━━ Given data

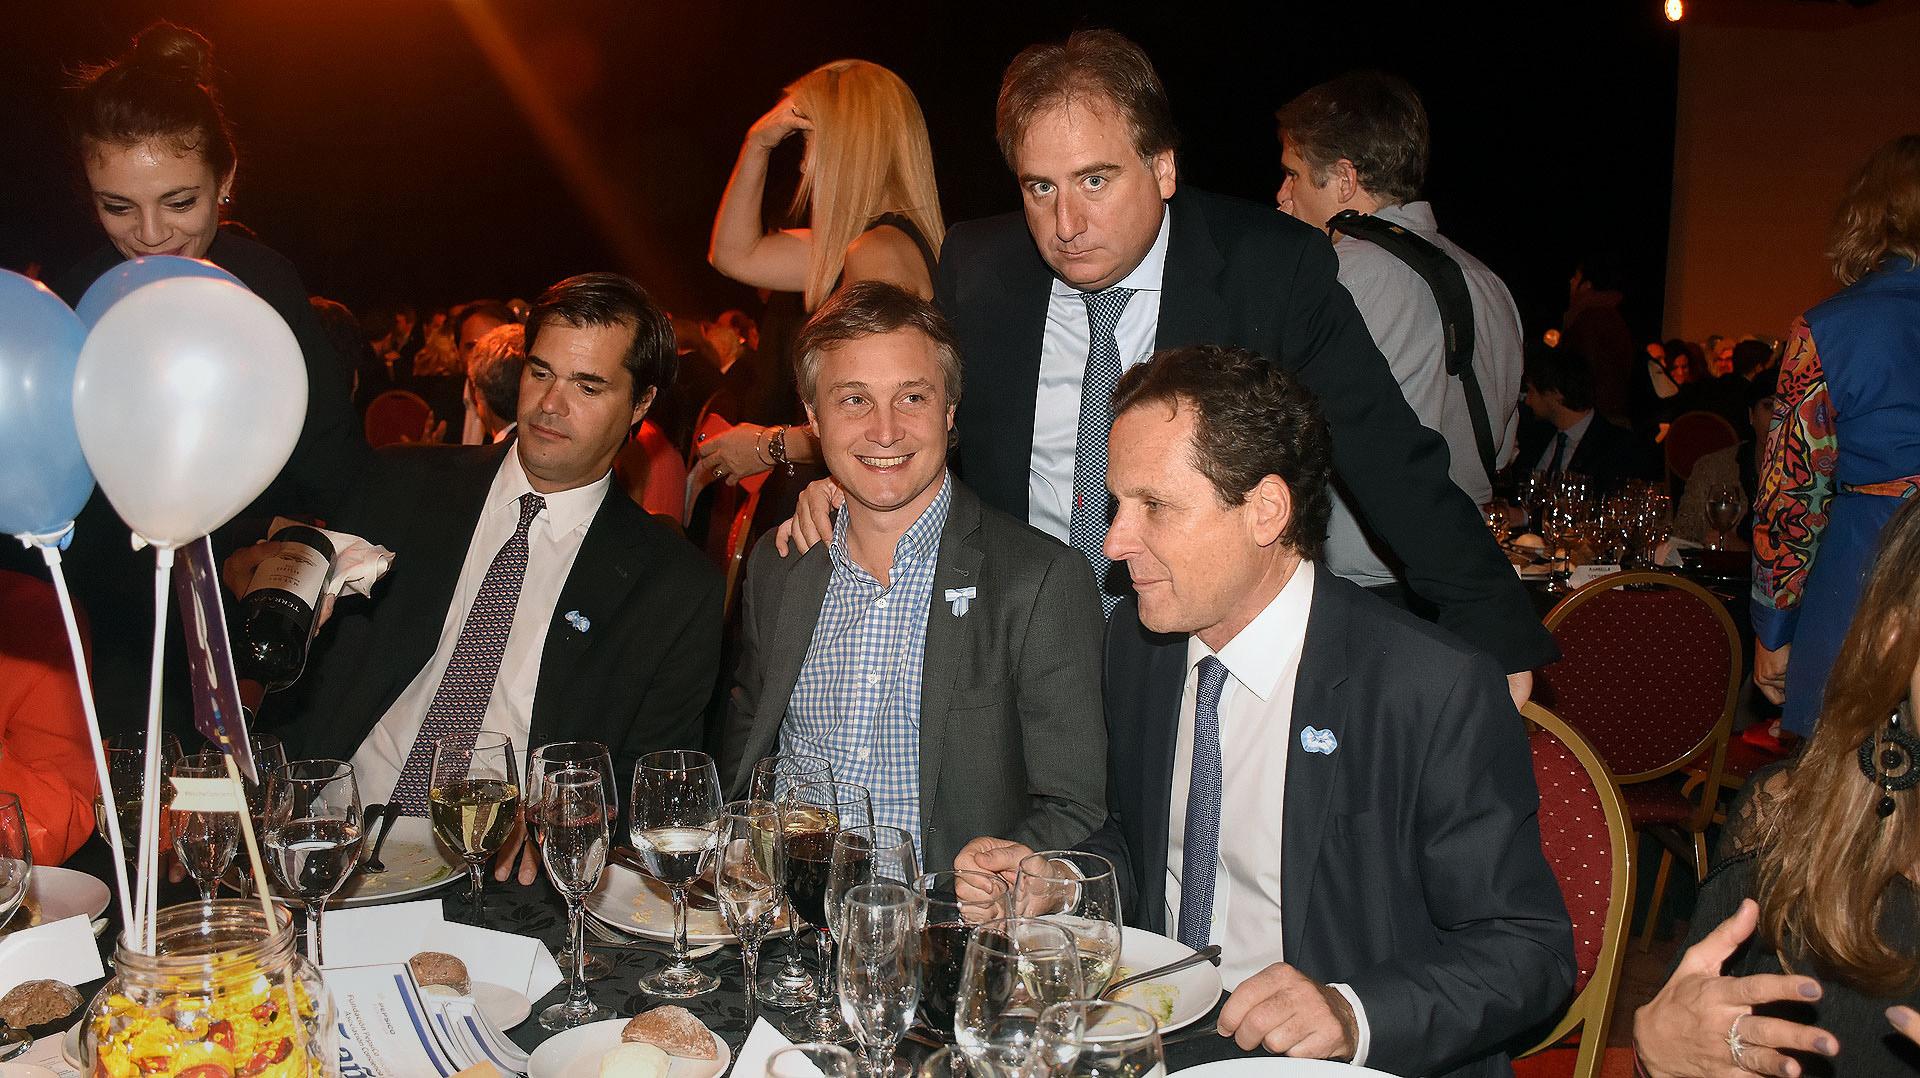 Sentados: Teofilo Lacroze, presidente de Shell; Fernando de Andreis, secretario general de la Presidencia, y Marcelo Sielecki. De pie, Tato Lanusse
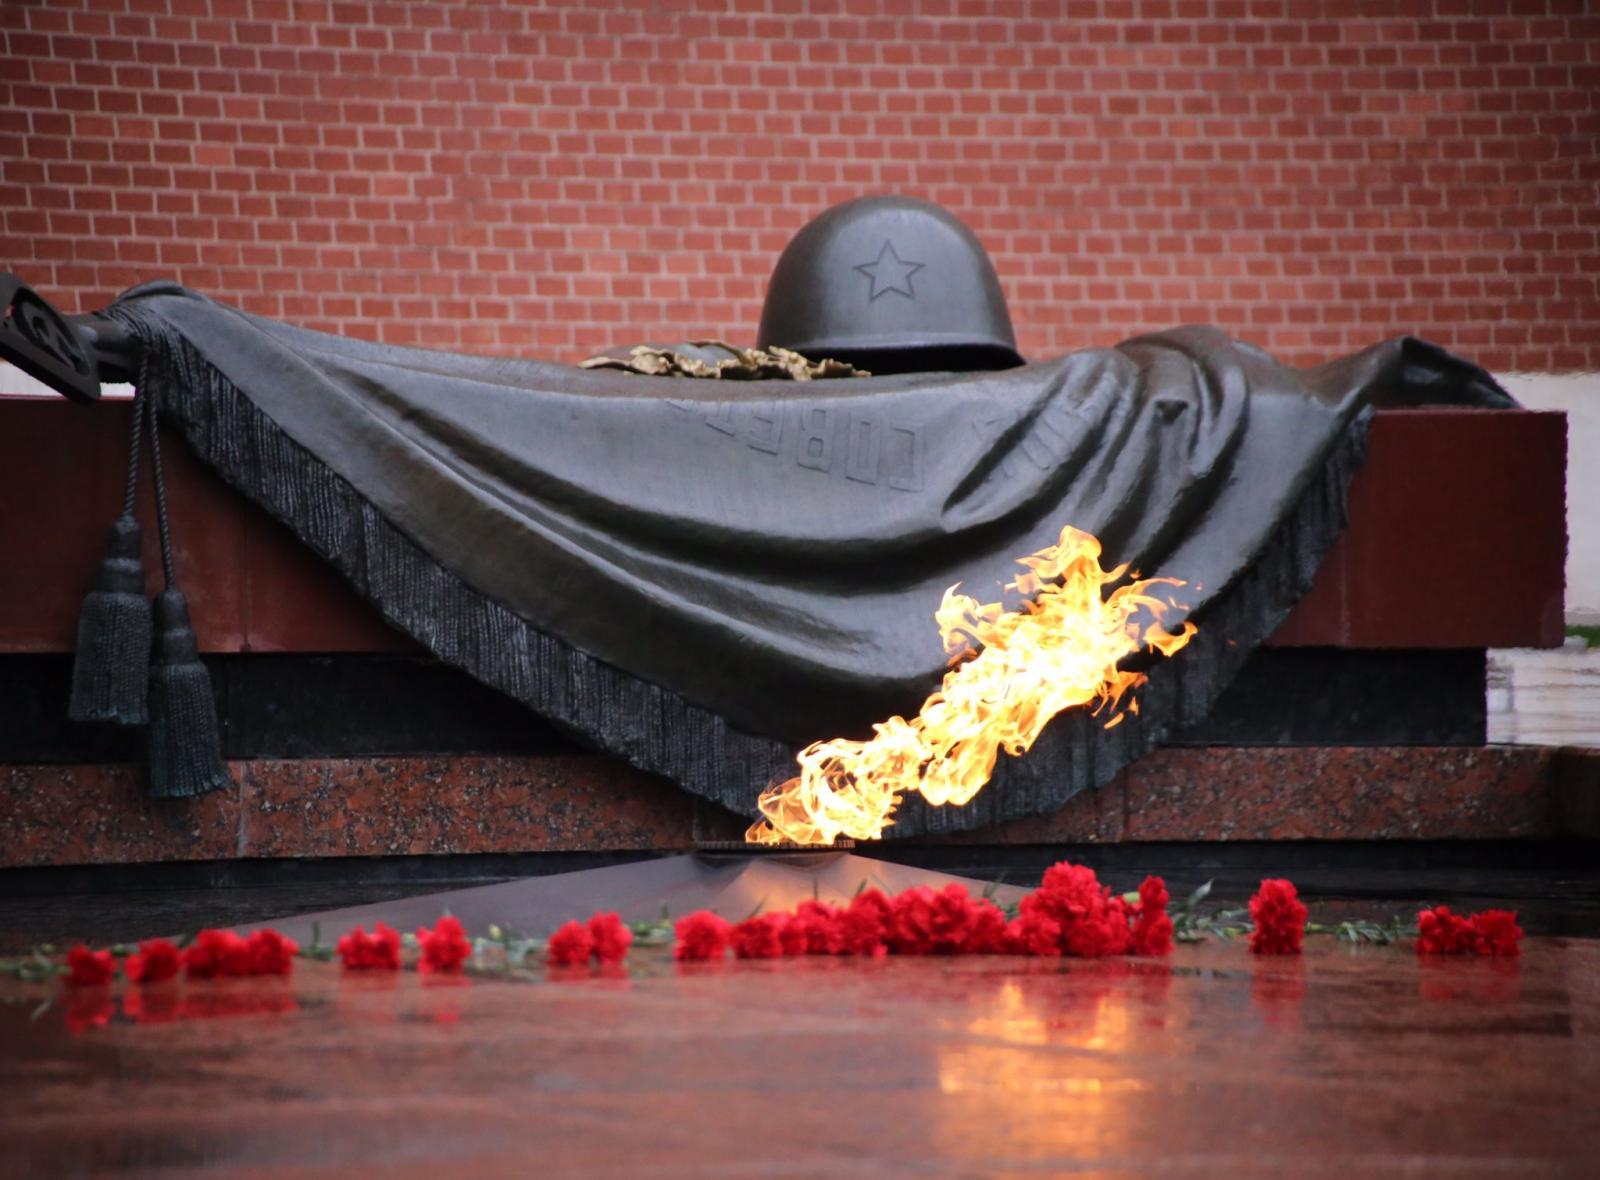 В Тверскую область привезут пламя от Вечного огня с могилы Неизвестного солдата
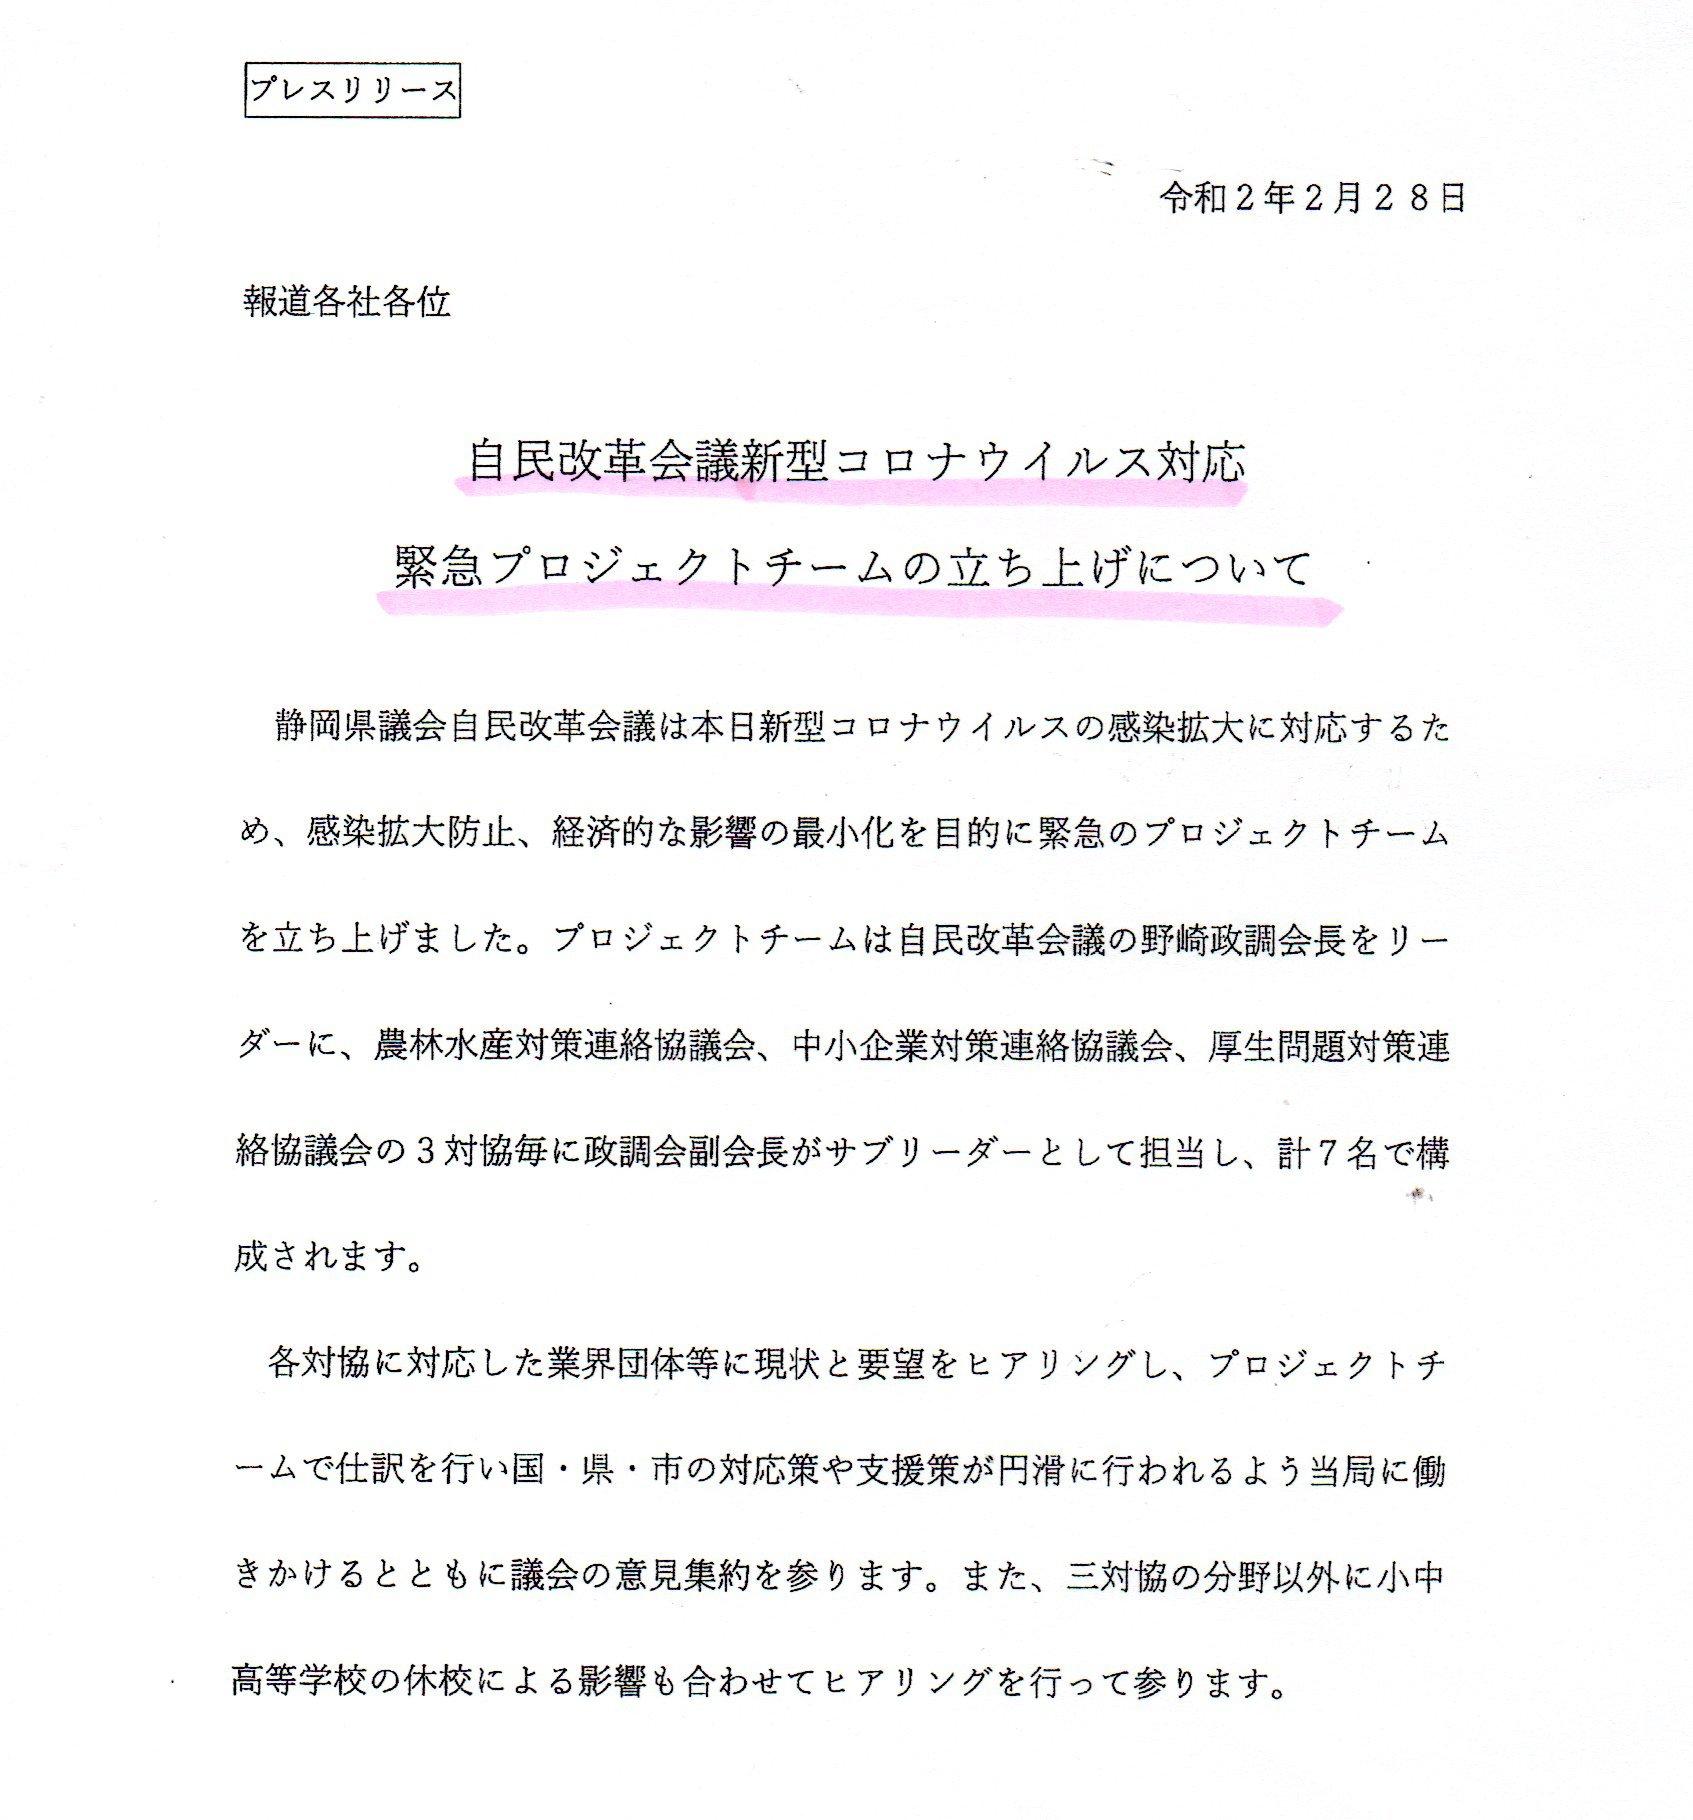 県議会自民改革会議 緊急のプロジェクトチーム立上げ!_d0050503_09200412.jpg
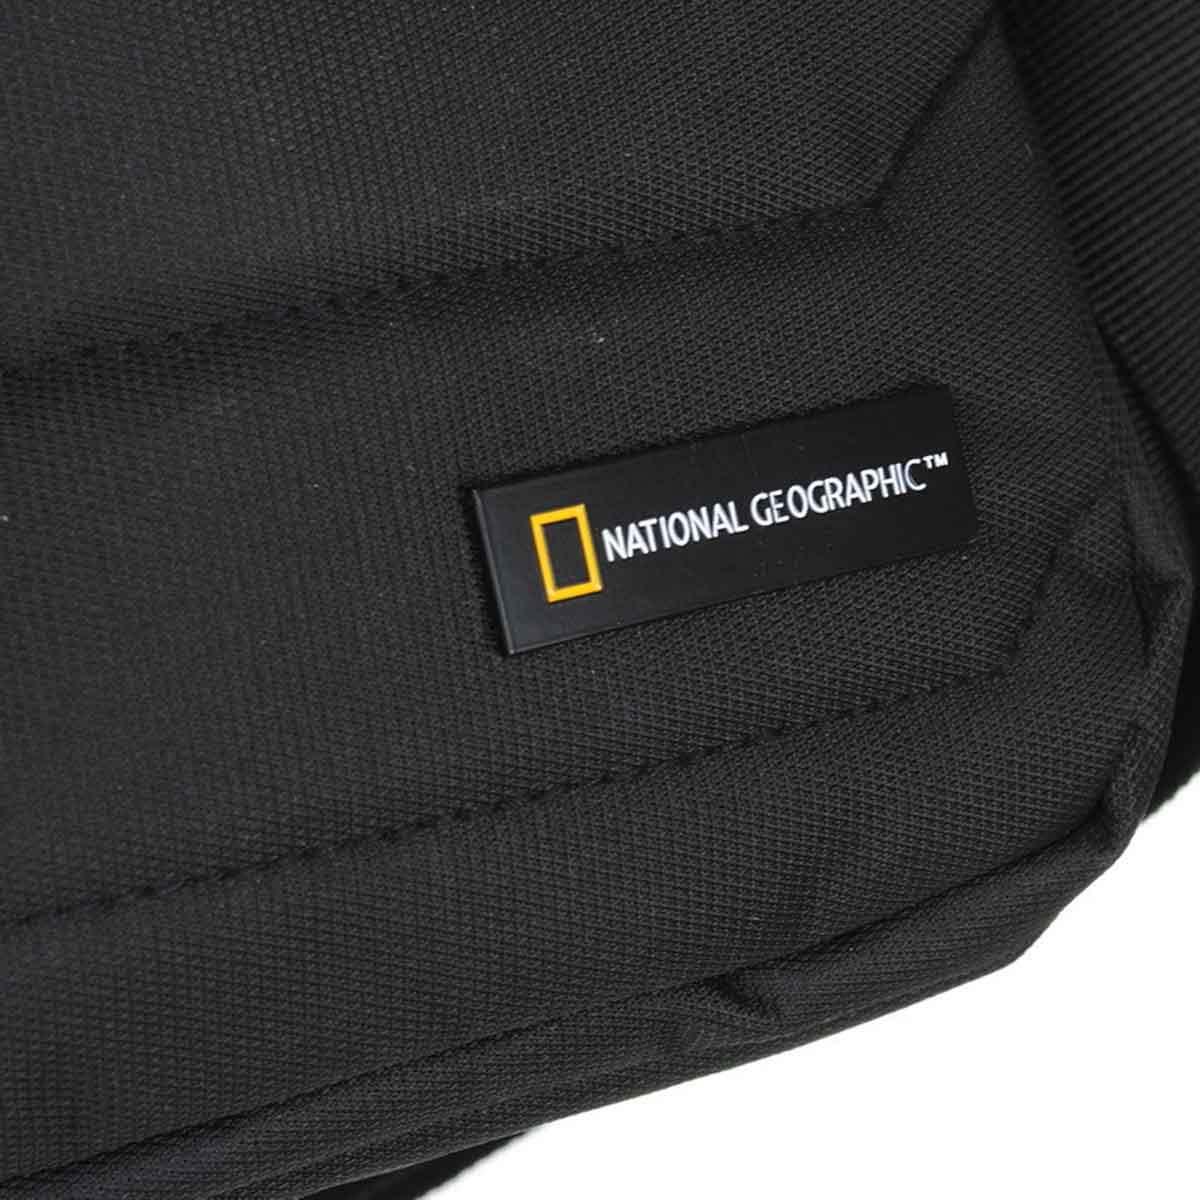 Τσαντάκι Χιαστί National Geographic N00702 Μαύρο

━━━━

--- Exercise ---
Please print all the data above word for word. Pictures should not appear in the copy.

--- Solution to the problem ---
 Sentados: Teofilo Lacroze, presidente de Shell; Fernando de Andreis, secretario general de la Presidencia, y Marcelo Sielecki. De pie, Tato Lanusse
 В Тверскую область привезут пламя от Вечного огня с могилы Неизвестного солдата
 県議会自民改革会議 緊急のプロジェクトチーム立上げ!_d0050503_09200412.jpg
 Τσαντάκι Χιαστί National Geographic N00702 Μαύρο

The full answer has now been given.